The Agbar Tower

Date: 17 October 2005
Copyright:
  • glassonweb.com
The Torre Agbar, or Agbar Tower, has been designed by French architect Jean Nouvel. It opened in June 2005 in Barcelona, Spain, and it was inaugurated officially by the kings of Spain the 16 of September of 2005.

The building, which measures 142 metres in height, houses the Barcelona Water Company, and Nouvel has designed it to evoke water: smooth and continuous, shimmering and transparent.



It is made up of 4,400 windows and 56,619 transparent glass plates and translucent ones: the glass of the windows is transparent, otherwise it is etched to be merely translucent. The cladding consists of aluminium panels in 25 colours behind glass louvres. The louvres are titled at 14 different angles calculated to deflect direct sun light. In additon, temperature sensors regulate the opening and closes of the glass blinds of the facade, optimizing the consumption of necessary energy to the air conditioning.

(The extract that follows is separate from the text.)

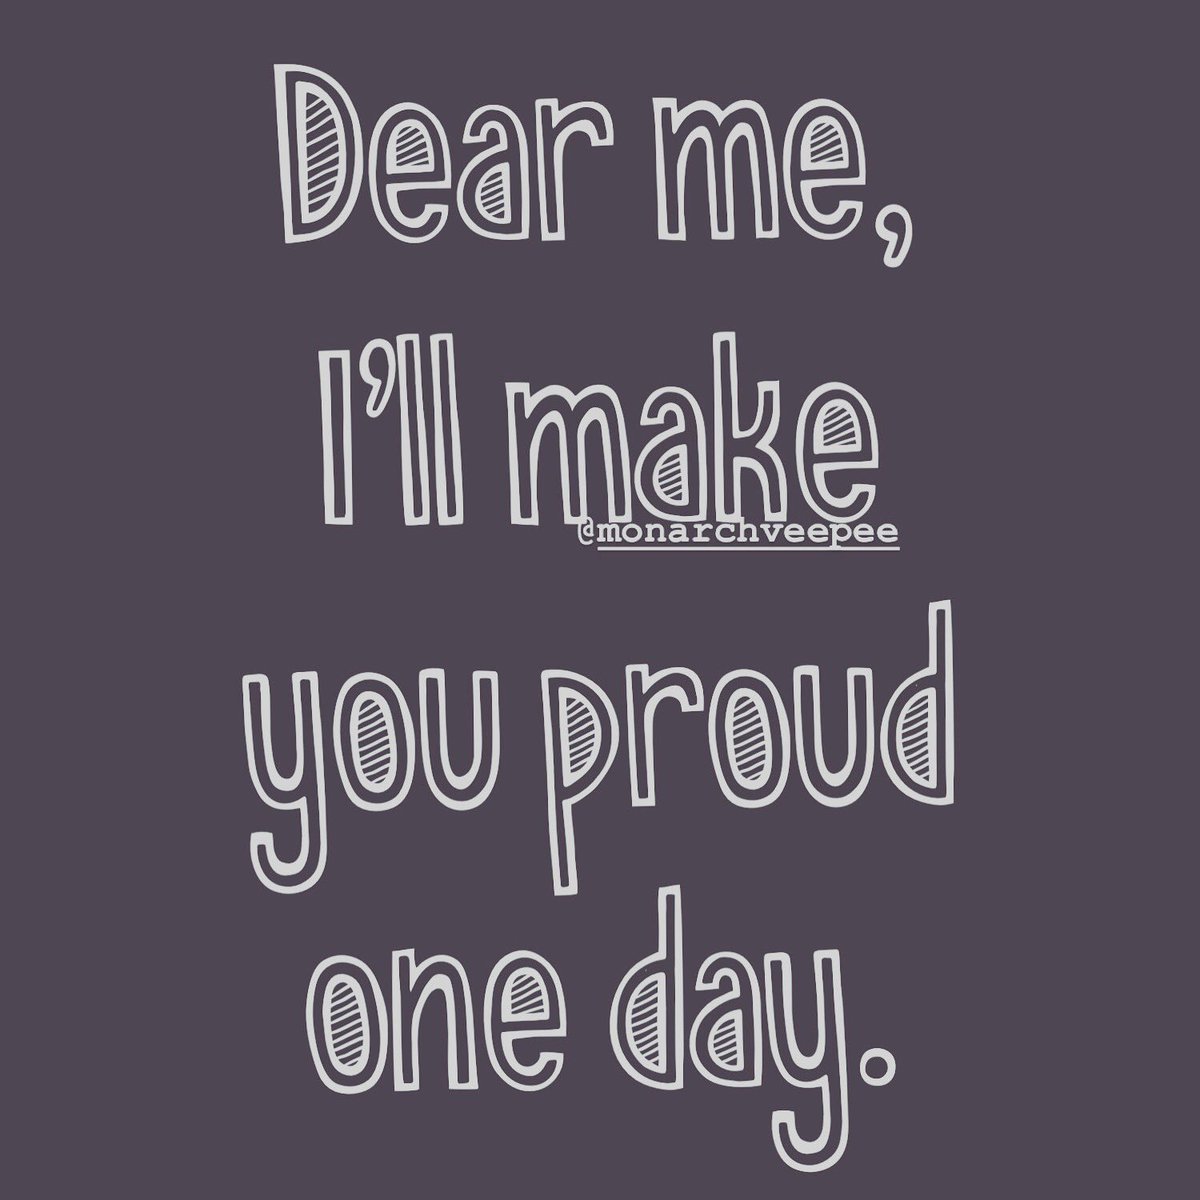 Vasant Panchasara Dear Me I Ll Make You Proud One Day Brotherhood Is Happiness Instaquote Quoteoftheday Monarchveepee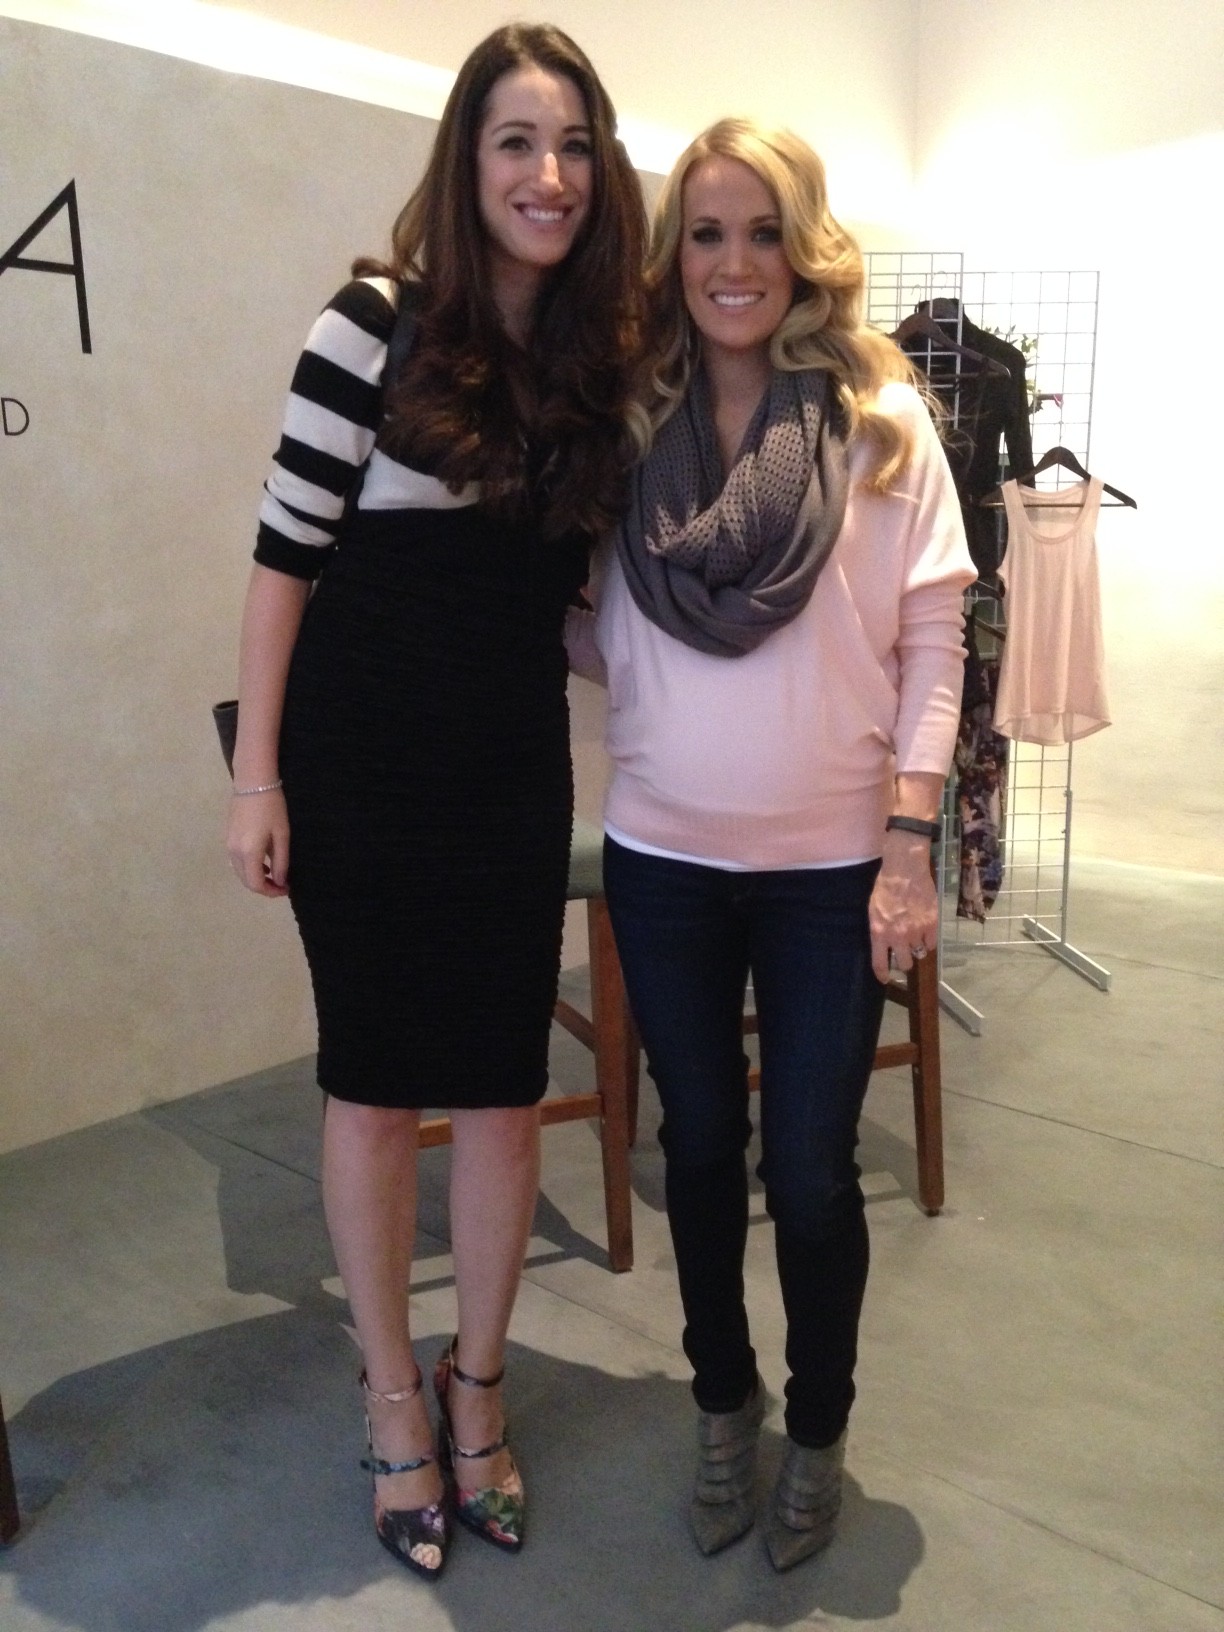 Carrie Underwood - Check out Carrie wearing CALIA by Carrie on the

The building is characterized by its nocturnal illumination: it has more than 4,000 luminous devices that use technology LED.



Jean Nouvel wrote on this project: "This is not a tower, a skyscraper, in the American sense. It is a more an emergence, rising singularly in the center of a generally calm city. Unlike slender spires and bell towers that typically pierce the horizons of horizontal cities, this tower is a fluid mass that bursts through the ground like a geyser under permanent, calculated pressure."



The cost of the building was around 130 million euros.